### [SOURCE INFORMATION]
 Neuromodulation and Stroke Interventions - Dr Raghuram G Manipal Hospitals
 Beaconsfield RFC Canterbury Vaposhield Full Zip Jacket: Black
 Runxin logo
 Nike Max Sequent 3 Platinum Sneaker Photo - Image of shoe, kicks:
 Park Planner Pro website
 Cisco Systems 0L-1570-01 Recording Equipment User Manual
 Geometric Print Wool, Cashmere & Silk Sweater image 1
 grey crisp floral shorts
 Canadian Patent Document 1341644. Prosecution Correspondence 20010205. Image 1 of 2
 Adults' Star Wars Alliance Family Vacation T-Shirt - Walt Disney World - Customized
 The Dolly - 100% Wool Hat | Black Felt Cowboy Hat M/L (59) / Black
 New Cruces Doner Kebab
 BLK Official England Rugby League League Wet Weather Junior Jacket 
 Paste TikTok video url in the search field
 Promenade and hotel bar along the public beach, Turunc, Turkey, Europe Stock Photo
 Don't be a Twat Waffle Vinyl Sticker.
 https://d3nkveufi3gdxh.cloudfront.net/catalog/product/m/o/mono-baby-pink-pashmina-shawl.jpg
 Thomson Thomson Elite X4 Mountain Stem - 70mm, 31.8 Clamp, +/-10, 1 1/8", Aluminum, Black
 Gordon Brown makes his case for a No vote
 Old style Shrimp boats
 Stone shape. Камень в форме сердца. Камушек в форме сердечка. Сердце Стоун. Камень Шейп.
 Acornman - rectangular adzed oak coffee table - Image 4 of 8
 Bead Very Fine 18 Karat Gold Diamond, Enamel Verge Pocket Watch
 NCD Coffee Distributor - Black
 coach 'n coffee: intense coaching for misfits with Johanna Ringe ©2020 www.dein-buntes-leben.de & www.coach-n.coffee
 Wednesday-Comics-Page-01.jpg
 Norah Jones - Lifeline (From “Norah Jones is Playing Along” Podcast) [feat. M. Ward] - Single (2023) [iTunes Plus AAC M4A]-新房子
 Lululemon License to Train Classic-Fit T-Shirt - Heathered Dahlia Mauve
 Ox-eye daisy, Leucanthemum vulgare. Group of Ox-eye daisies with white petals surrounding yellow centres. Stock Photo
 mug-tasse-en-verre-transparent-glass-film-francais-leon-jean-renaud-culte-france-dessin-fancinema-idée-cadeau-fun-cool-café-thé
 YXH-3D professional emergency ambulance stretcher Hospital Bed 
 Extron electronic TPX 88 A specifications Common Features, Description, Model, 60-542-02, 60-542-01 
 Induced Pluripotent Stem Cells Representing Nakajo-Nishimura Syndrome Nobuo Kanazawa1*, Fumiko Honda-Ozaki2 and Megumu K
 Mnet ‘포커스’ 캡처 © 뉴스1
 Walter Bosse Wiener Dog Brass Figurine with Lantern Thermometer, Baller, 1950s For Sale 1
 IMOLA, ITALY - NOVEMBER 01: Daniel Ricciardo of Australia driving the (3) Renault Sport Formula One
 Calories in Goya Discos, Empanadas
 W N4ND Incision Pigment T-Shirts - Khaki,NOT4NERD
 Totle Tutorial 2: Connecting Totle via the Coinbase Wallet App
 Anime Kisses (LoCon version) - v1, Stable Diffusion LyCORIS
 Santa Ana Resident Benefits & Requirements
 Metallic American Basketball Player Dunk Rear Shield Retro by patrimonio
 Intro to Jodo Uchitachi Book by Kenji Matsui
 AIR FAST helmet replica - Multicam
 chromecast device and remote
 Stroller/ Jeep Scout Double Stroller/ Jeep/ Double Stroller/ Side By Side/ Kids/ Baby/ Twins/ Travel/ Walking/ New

### [THE PROBLEM]
In the listing above, please print only the lines from the first one to the line where "YXH-3D professional emergency" appears, exactly as written, both of those lines included.

### [REPLY]
 Neuromodulation and Stroke Interventions - Dr Raghuram G Manipal Hospitals
 Beaconsfield RFC Canterbury Vaposhield Full Zip Jacket: Black
 Runxin logo
 Nike Max Sequent 3 Platinum Sneaker Photo - Image of shoe, kicks:
 Park Planner Pro website
 Cisco Systems 0L-1570-01 Recording Equipment User Manual
 Geometric Print Wool, Cashmere & Silk Sweater image 1
 grey crisp floral shorts
 Canadian Patent Document 1341644. Prosecution Correspondence 20010205. Image 1 of 2
 Adults' Star Wars Alliance Family Vacation T-Shirt - Walt Disney World - Customized
 The Dolly - 100% Wool Hat | Black Felt Cowboy Hat M/L (59) / Black
 New Cruces Doner Kebab
 BLK Official England Rugby League League Wet Weather Junior Jacket 
 Paste TikTok video url in the search field
 Promenade and hotel bar along the public beach, Turunc, Turkey, Europe Stock Photo
 Don't be a Twat Waffle Vinyl Sticker.
 https://d3nkveufi3gdxh.cloudfront.net/catalog/product/m/o/mono-baby-pink-pashmina-shawl.jpg
 Thomson Thomson Elite X4 Mountain Stem - 70mm, 31.8 Clamp, +/-10, 1 1/8", Aluminum, Black
 Gordon Brown makes his case for a No vote
 Old style Shrimp boats
 Stone shape. Камень в форме сердца. Камушек в форме сердечка. Сердце Стоун. Камень Шейп.
 Acornman - rectangular adzed oak coffee table - Image 4 of 8
 Bead Very Fine 18 Karat Gold Diamond, Enamel Verge Pocket Watch
 NCD Coffee Distributor - Black
 coach 'n coffee: intense coaching for misfits with Johanna Ringe ©2020 www.dein-buntes-leben.de & www.coach-n.coffee
 Wednesday-Comics-Page-01.jpg
 Norah Jones - Lifeline (From “Norah Jones is Playing Along” Podcast) [feat. M. Ward] - Single (2023) [iTunes Plus AAC M4A]-新房子
 Lululemon License to Train Classic-Fit T-Shirt - Heathered Dahlia Mauve
 Ox-eye daisy, Leucanthemum vulgare. Group of Ox-eye daisies with white petals surrounding yellow centres. Stock Photo
 mug-tasse-en-verre-transparent-glass-film-francais-leon-jean-renaud-culte-france-dessin-fancinema-idée-cadeau-fun-cool-café-thé
 YXH-3D professional emergency ambulance stretcher Hospital Bed 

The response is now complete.